Calendar of Saints: Paul Jones (2)

Twice a week I post a quote from saints from the Episcopal Calendar of Saints that week. They are to be meditative and mindful, playful and thought inducing. I hope they are helpful in your spiritual journeys.

Paul Jones
Bishop, Pacifist
September 4



He was forced to resign as Bishop of Utah in April 1918 because of his outspoken opposition to World War I. Although in 1929 he was chosen as temporary bishop of Southern Ohio while the next incumbent was being selected, he never again held a permanent diocese. In 1933, presiding bishop James DeWolf Perry restored Jones's seat, but not his vote, in the House of Bishops.

Jones spent the rest of his life advocating for black civil rights, social reform and economic justice. He served as a chaplain at Antioch College and was instrumental in founding the Fellowship of Reconciliation and the Episcopal Peace Fellowship. Just prior to his death, he helped resettle Jews displaced by the Nazis and advocated a more understanding US relationship with Japan.

Tuesday, September 01, 2015

Calendar of Saints: Bishop Paul Jones (1)

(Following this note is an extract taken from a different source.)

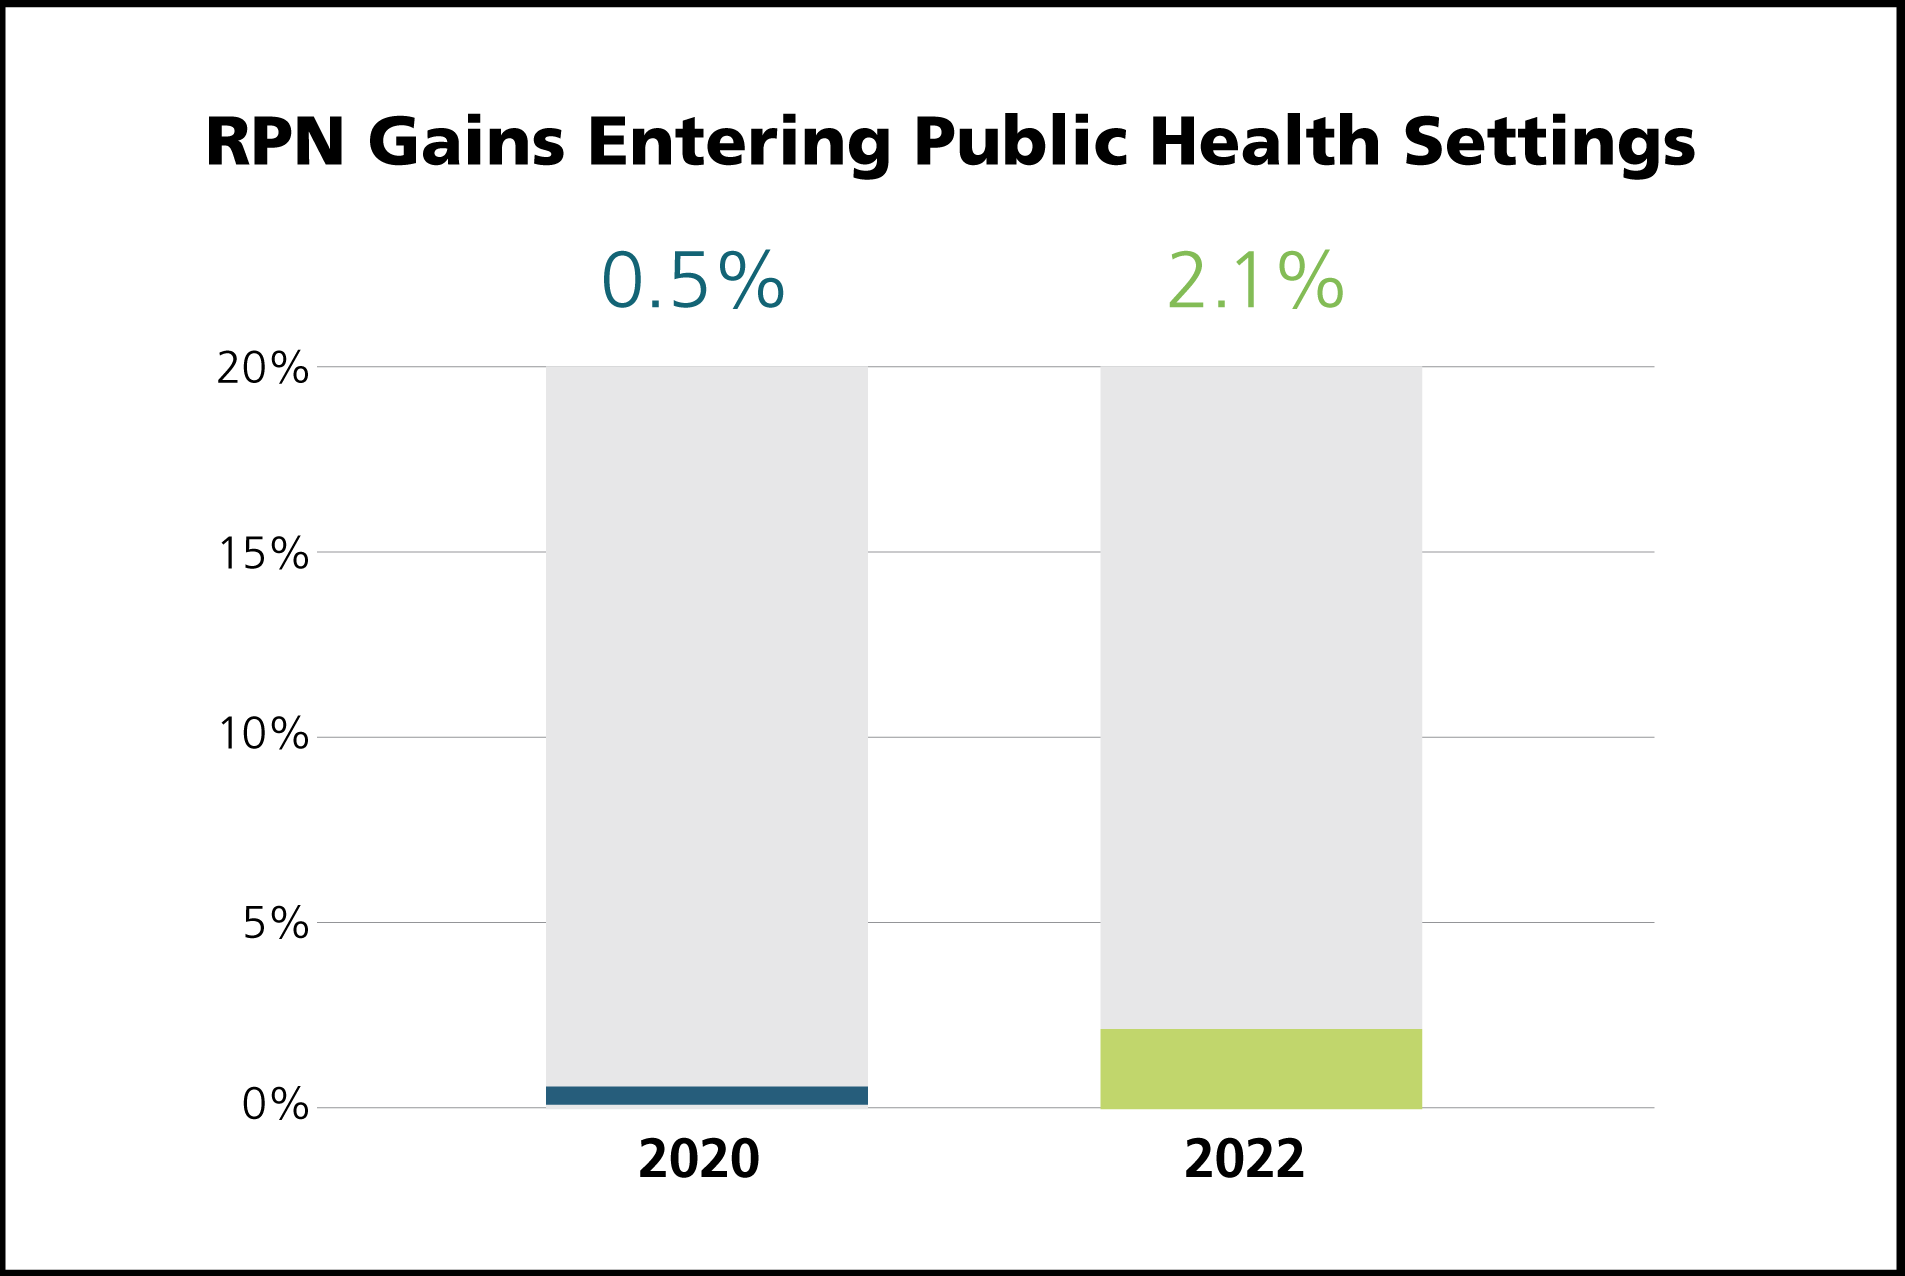 RPN Gains Entering Public Health Settings: 2020-0.5%, 2022-2.1%
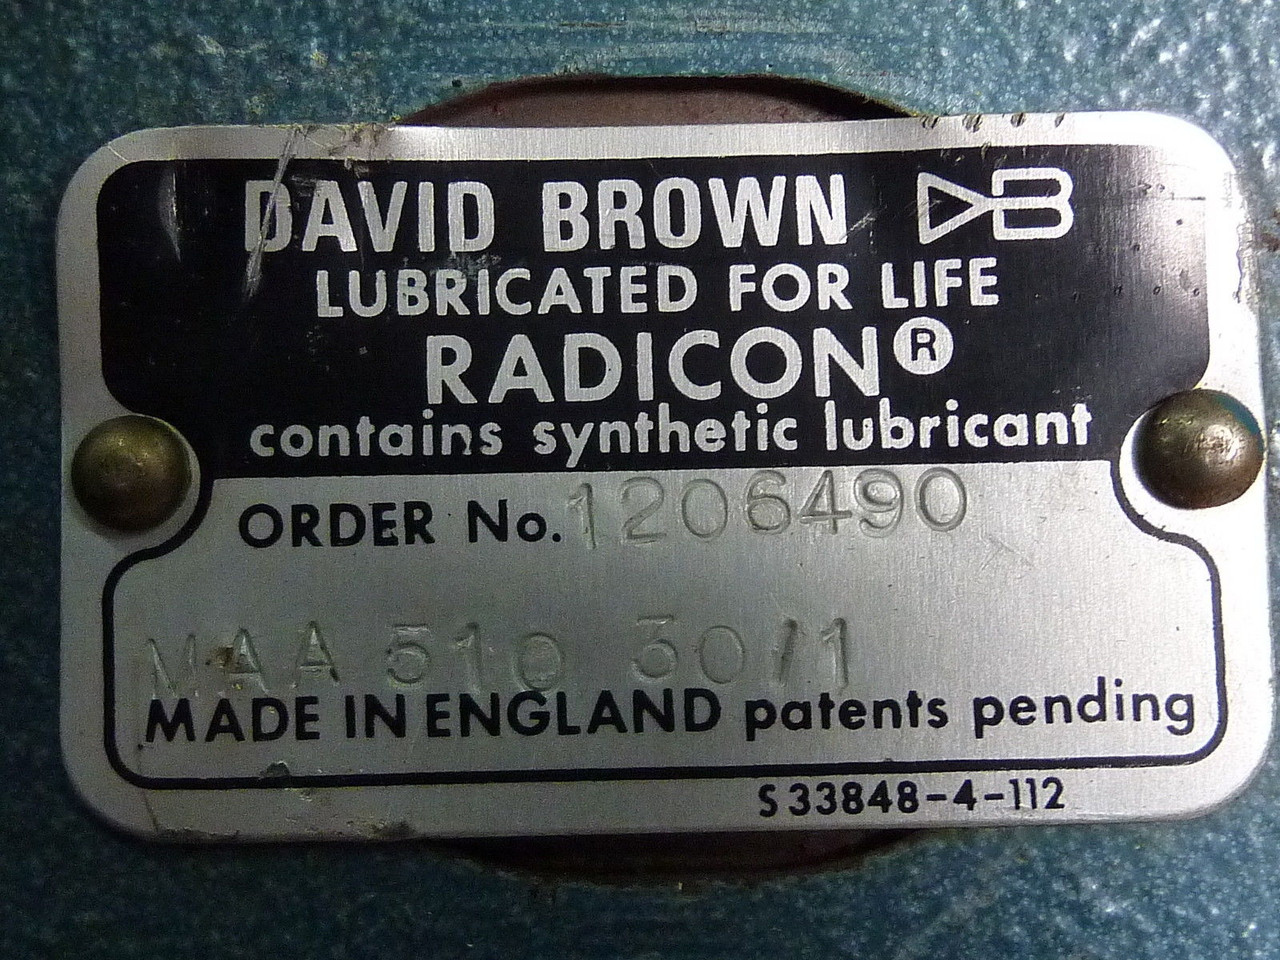 David Brown Radicon 1206490 Gear Reducer MAA510 30:1 USED

Twice a week I post a quote from saints from the Episcopal Calendar of Saints that week. They are to be meditative and mindful, playful and thought inducing. I hope they are helpful in your spiritual journeys.


Paul Jones
Bishop, Pacifist
September 4



Paul Jones was born in Pennsylvania in 1880. He attended Yale University and the Episcopal Divinity School in Cambridge, Massachusetts. He was ordained and served a mission church in Logan, Utah. In 1914 he was made Bishop of the Missionary District of Utah.

He was an outspoken pacifist, and when World War I began in 1914, he spoke against it. As the war progressed, and when the United States entered the war in 1917, many Americans were vehement in holding that pursuing the war was a moral duty, and opposition to the war was immoral. In the spring of 1918, yielding to pressure, Bishop Jones resigned as Bishop of Utah.